For the 6th year in a row NE IA RC&D partnered with the Iowa DNR Forest Health Dept. emerald ash borer sentinel tree monitoring program. Sentinel trees are usually 4-6 inch diameter ash trees (sometimes smaller, sometimes larger) in parks and recreation areas that are at high risk for emerald ash borer infestations. Parks with campgrounds are at risk because the movement of infected ash firewood is the main method of transport for the borer. Depending on the size and number of campsites at each park, 1-5 ash trees are double girdled and the bark removed between the girdles. Each tree is tagged with a notice stating the tree is a part of the monitoring effort and GPSed to assist with locating the tree the following fall. It has been determined the ash borer is attracted to stressed ash trees first, so the girdled trees will be the trees that will attract any borers that may be in the area.

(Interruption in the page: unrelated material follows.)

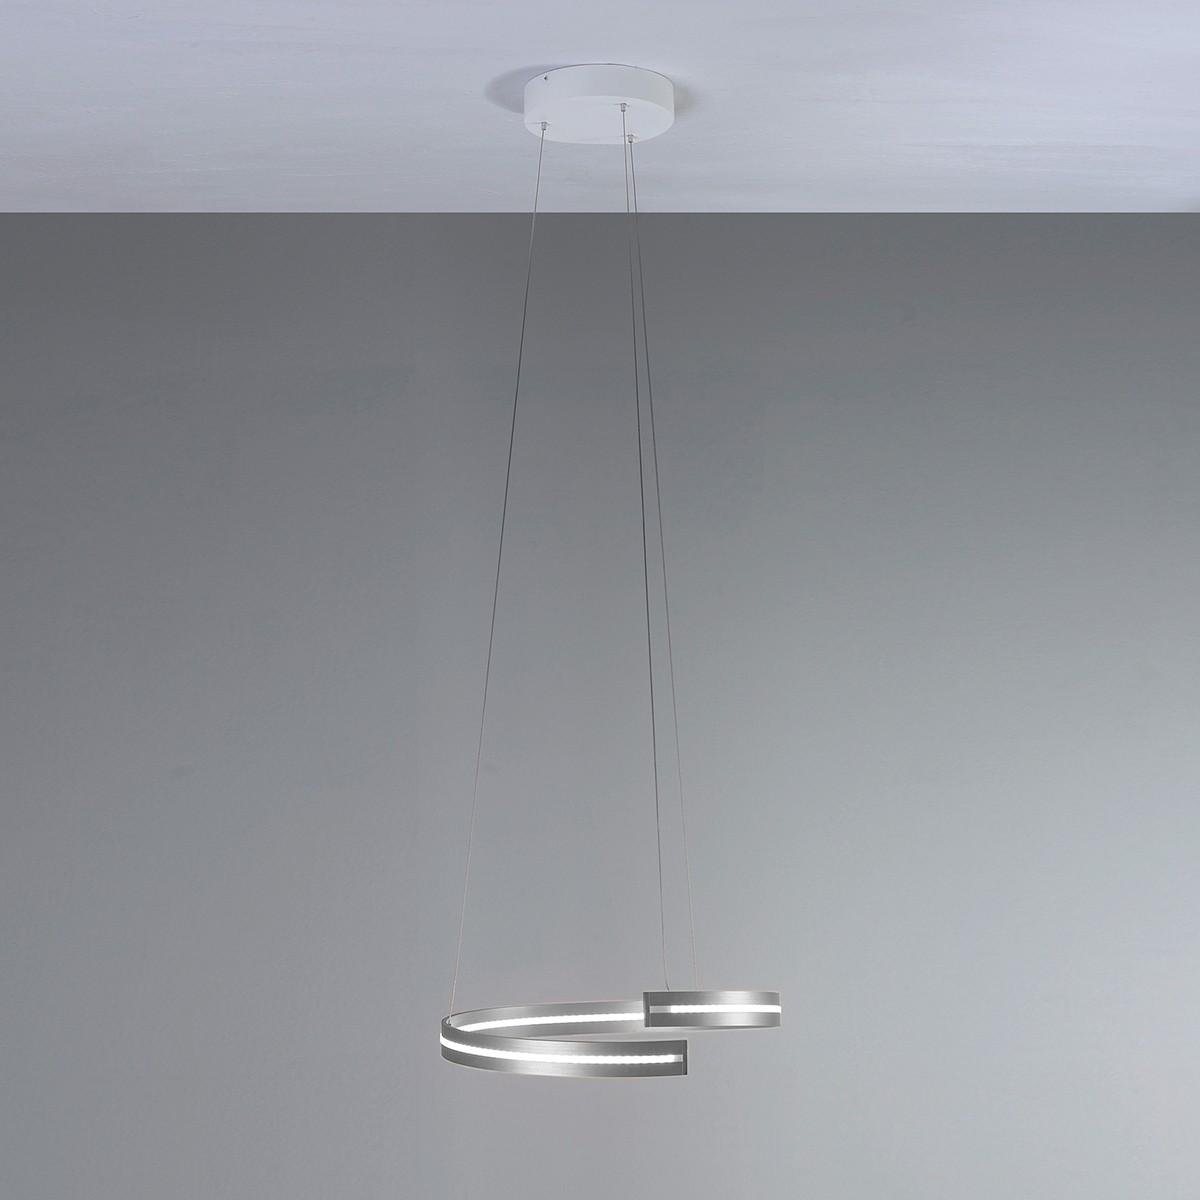 Bopp Break LED Pendelleuchte Ø: 40 cm, Aluminium geschliffen

The following fall, the ash trees are cut down and the bark is peeled off in 6-10 areas of the tree, looking for the larva stage of the borer and evidence of it’s s-shaped tunneling activity. If undetected, an infestation of emerald ash borer eventually girdles the tree, essentially starving it of water and nutrients. Infected trees decline and die in 2-3 years.
This year 416 sentinel trees statewide were inspected and all were negative for emerald ash borer. RC&D’s part of the monitoring was 100 trees in northeast Iowa parks and recreation sites. Due to funding cuts, no sentinel trees were prepared for 2014. At this time it is uncertain if the program will resume in the future.